-- DATASET CONTENT --
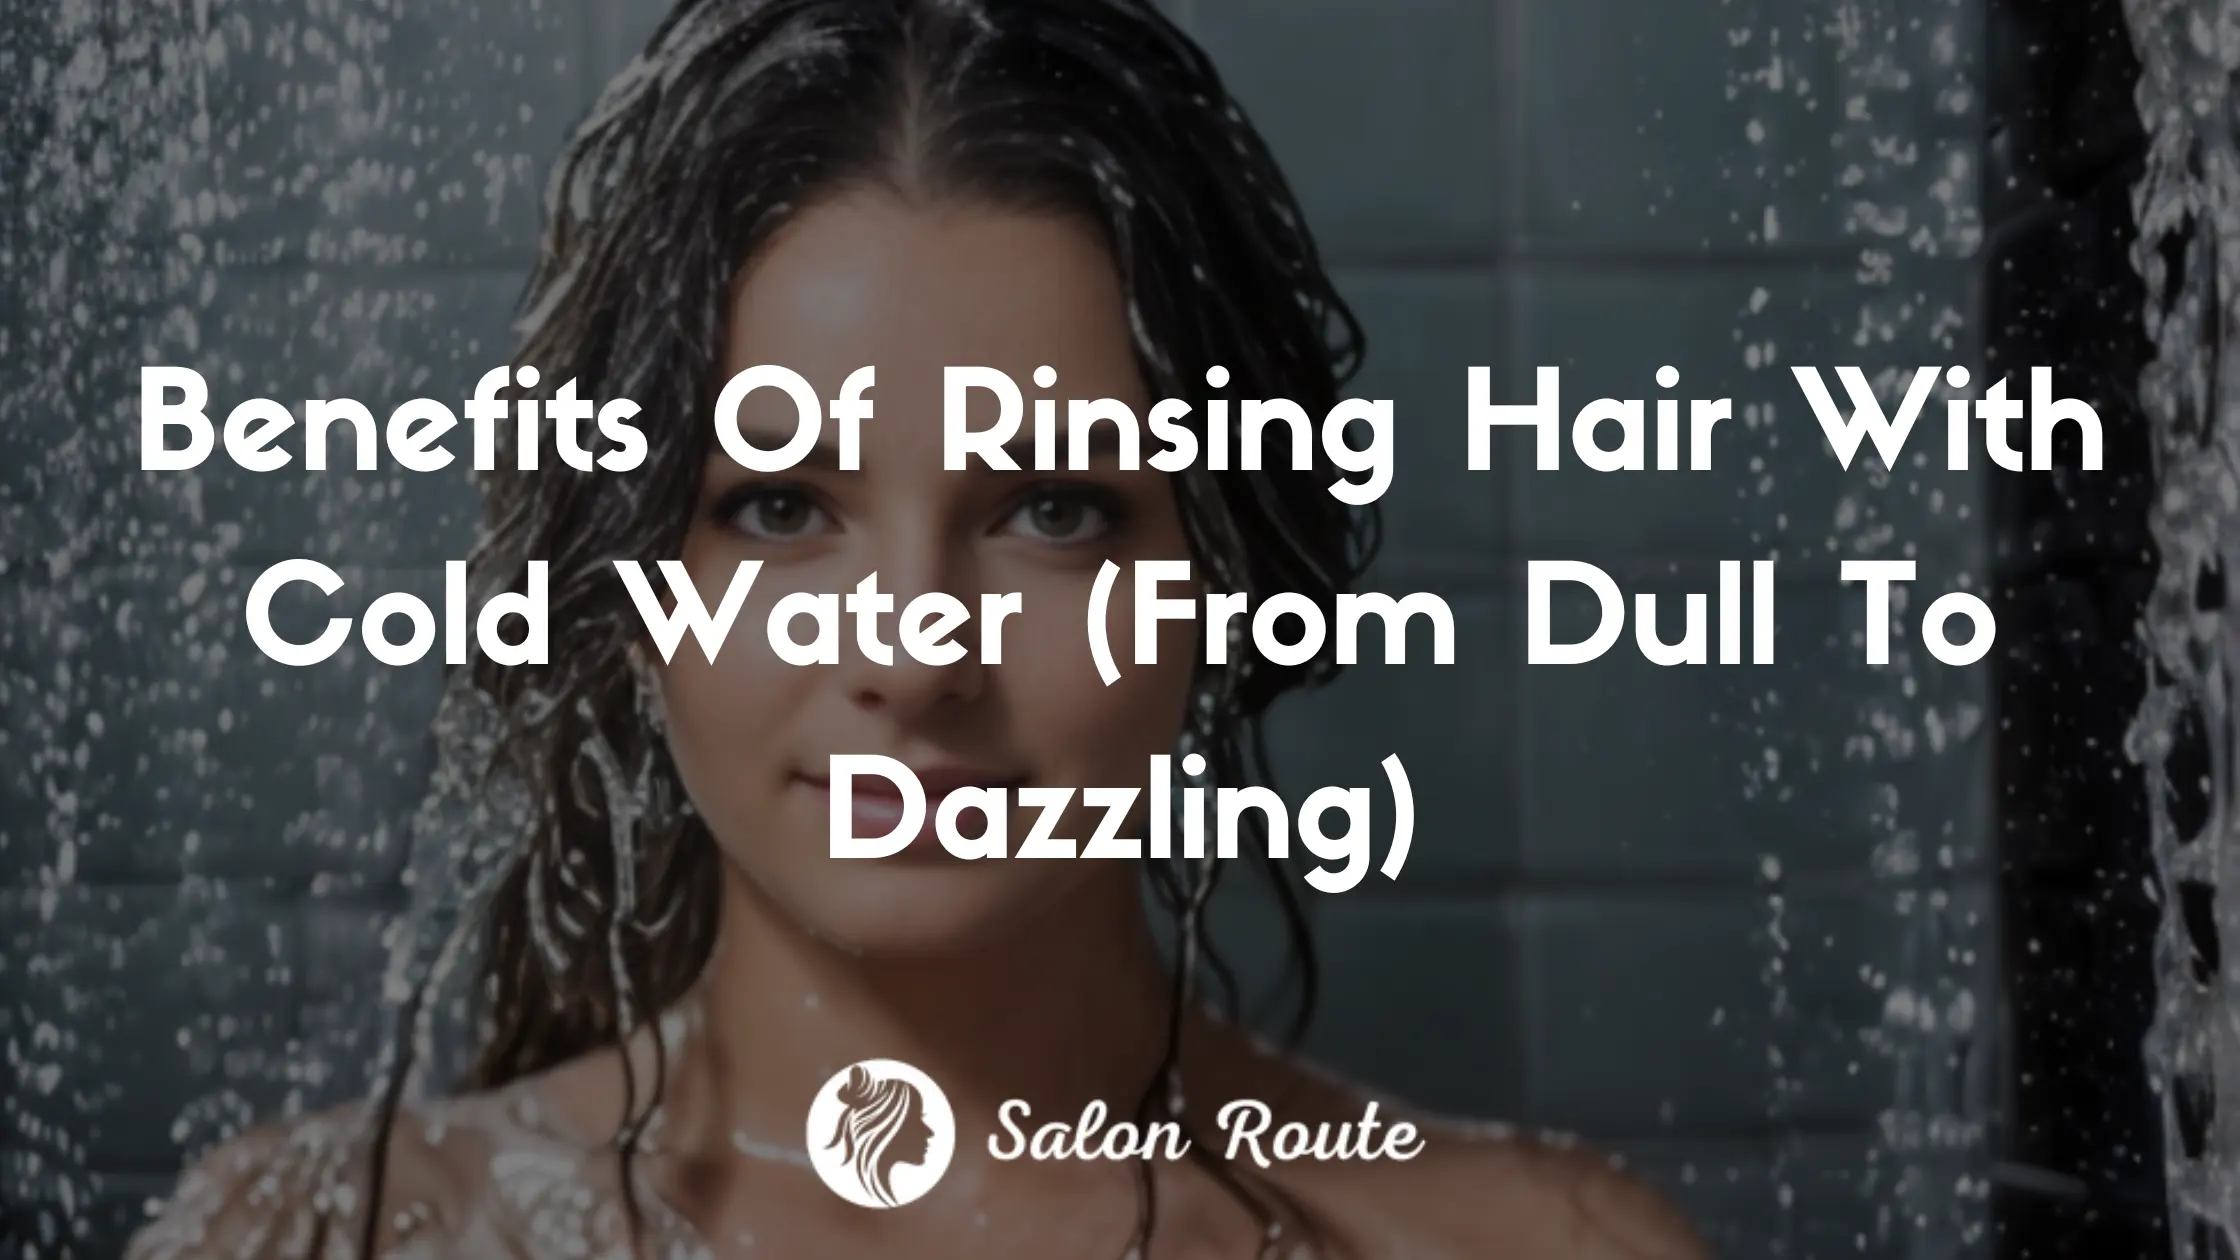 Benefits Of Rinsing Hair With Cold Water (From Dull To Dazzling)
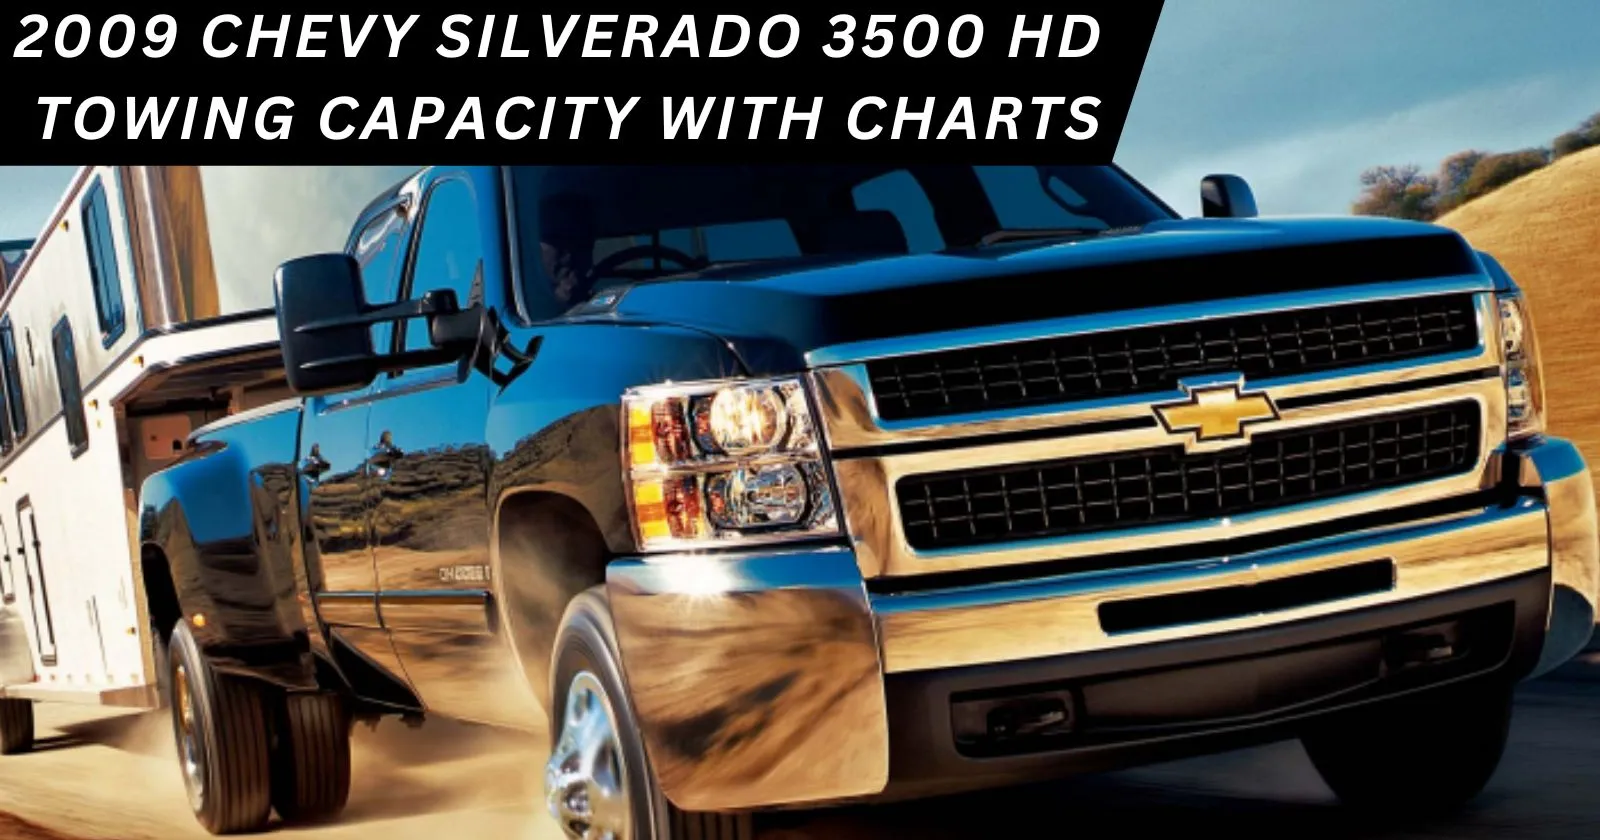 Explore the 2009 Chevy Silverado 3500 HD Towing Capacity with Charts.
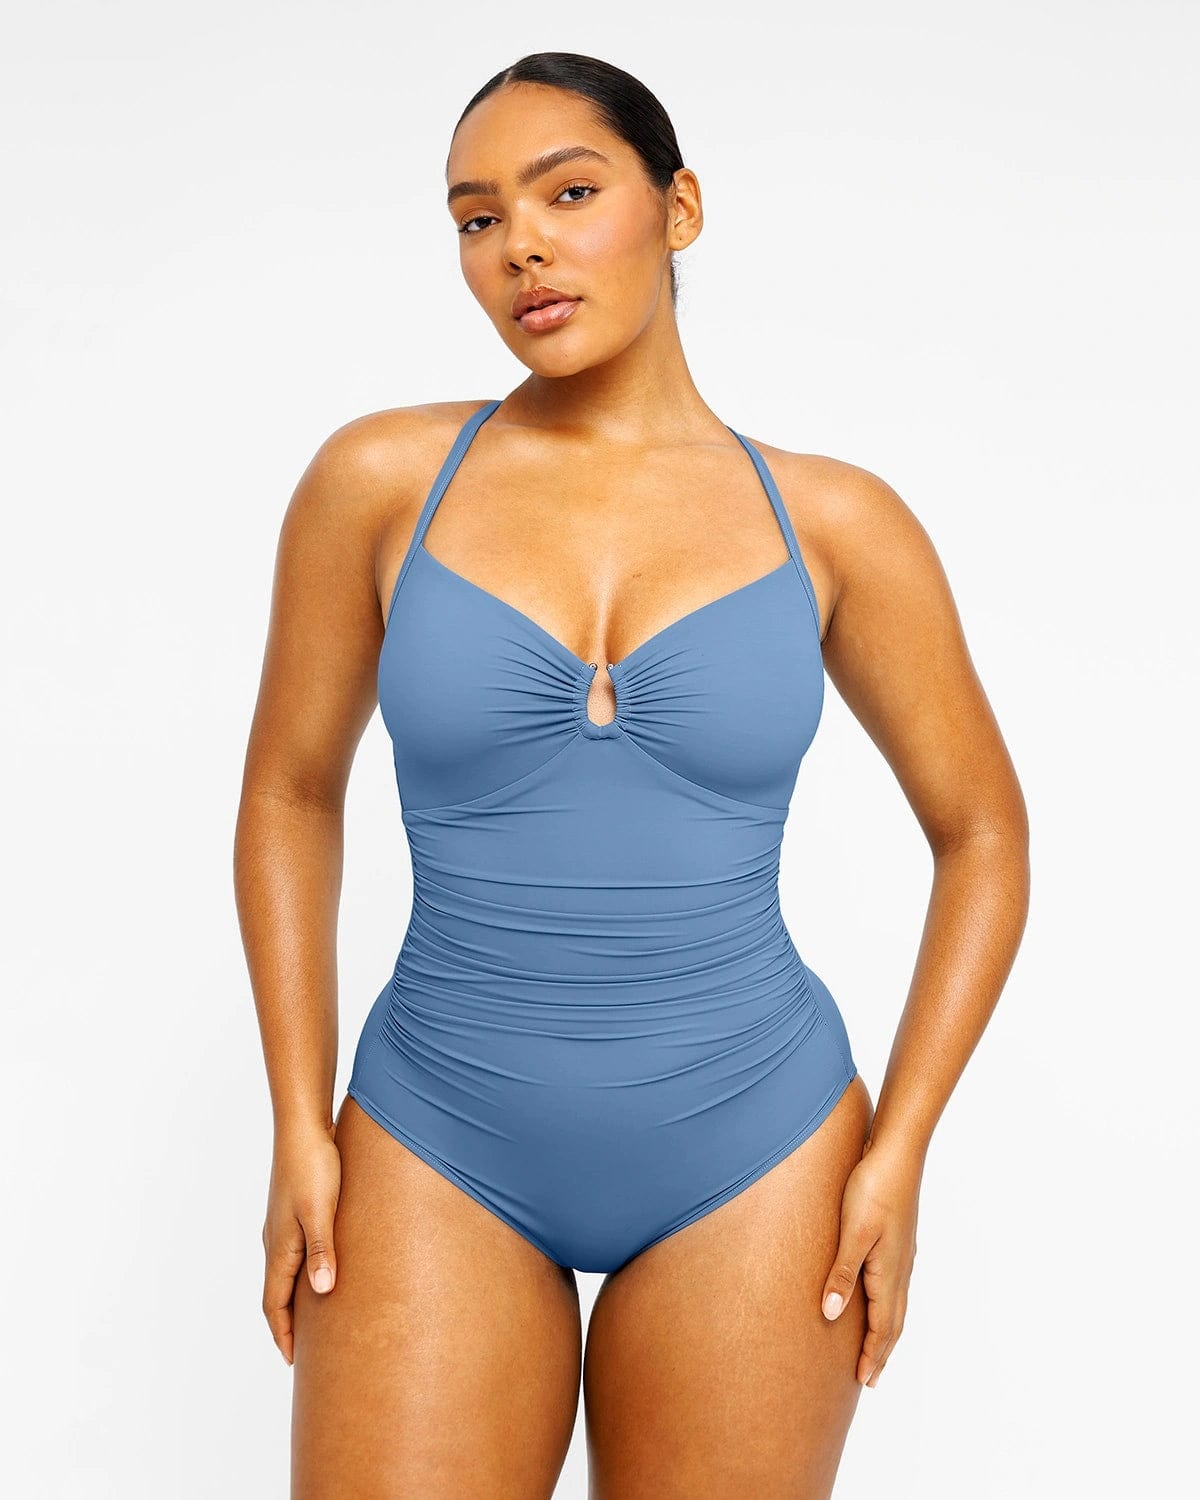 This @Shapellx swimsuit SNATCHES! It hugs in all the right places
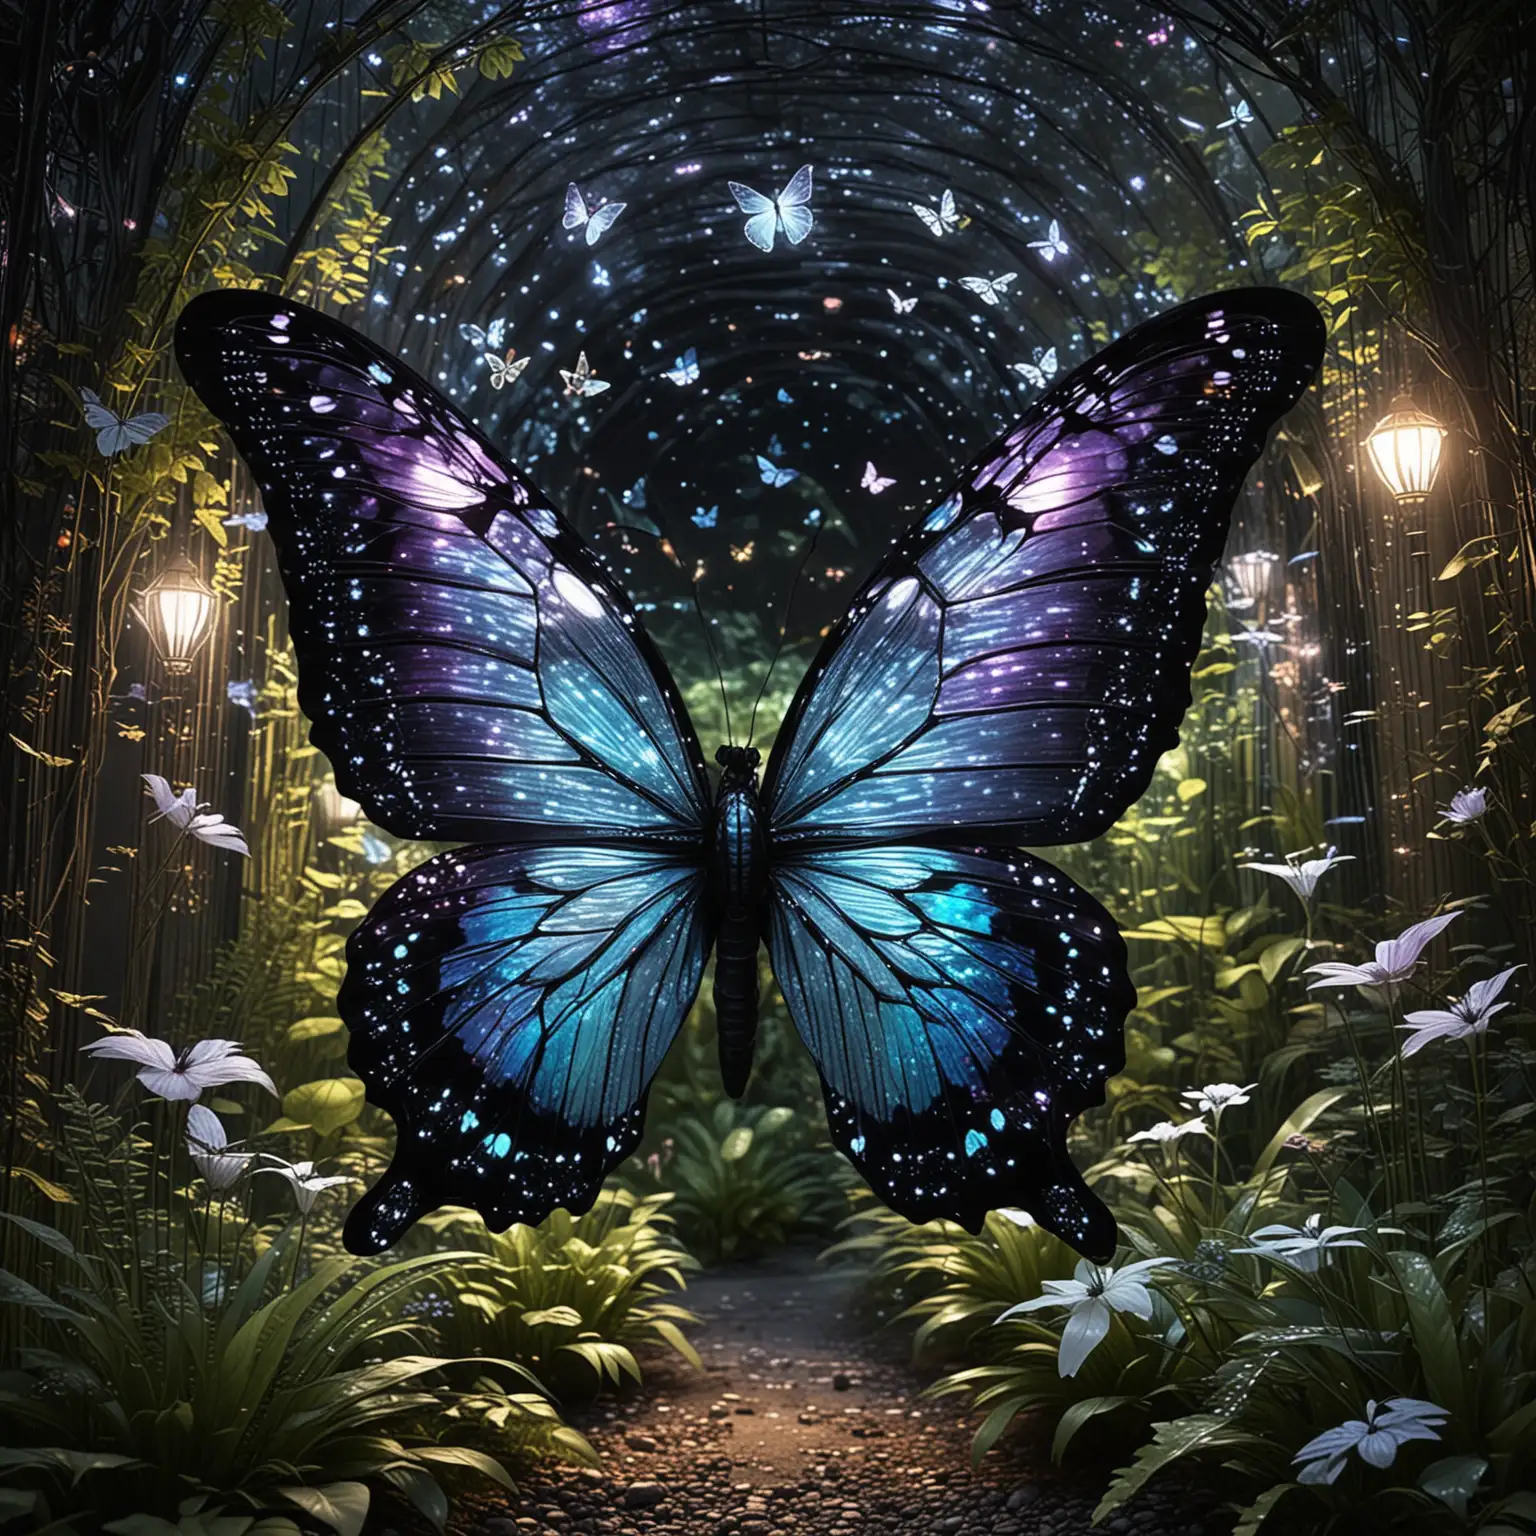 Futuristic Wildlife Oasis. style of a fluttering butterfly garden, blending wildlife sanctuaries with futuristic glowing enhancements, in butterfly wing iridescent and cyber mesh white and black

-- GOAL OF THE EXERCISE --
Each line of the listing above belongs in the answer exactly as written; the pictures do not.

-- EXERCISE SOLUTION --
 Benefits Of Rinsing Hair With Cold Water (From Dull To Dazzling)
 Explore the 2009 Chevy Silverado 3500 HD Towing Capacity with Charts.
 This @Shapellx swimsuit SNATCHES! It hugs in all the right places
 Futuristic Wildlife Oasis. style of a fluttering butterfly garden, blending wildlife sanctuaries with futuristic glowing enhancements, in butterfly wing iridescent and cyber mesh white and black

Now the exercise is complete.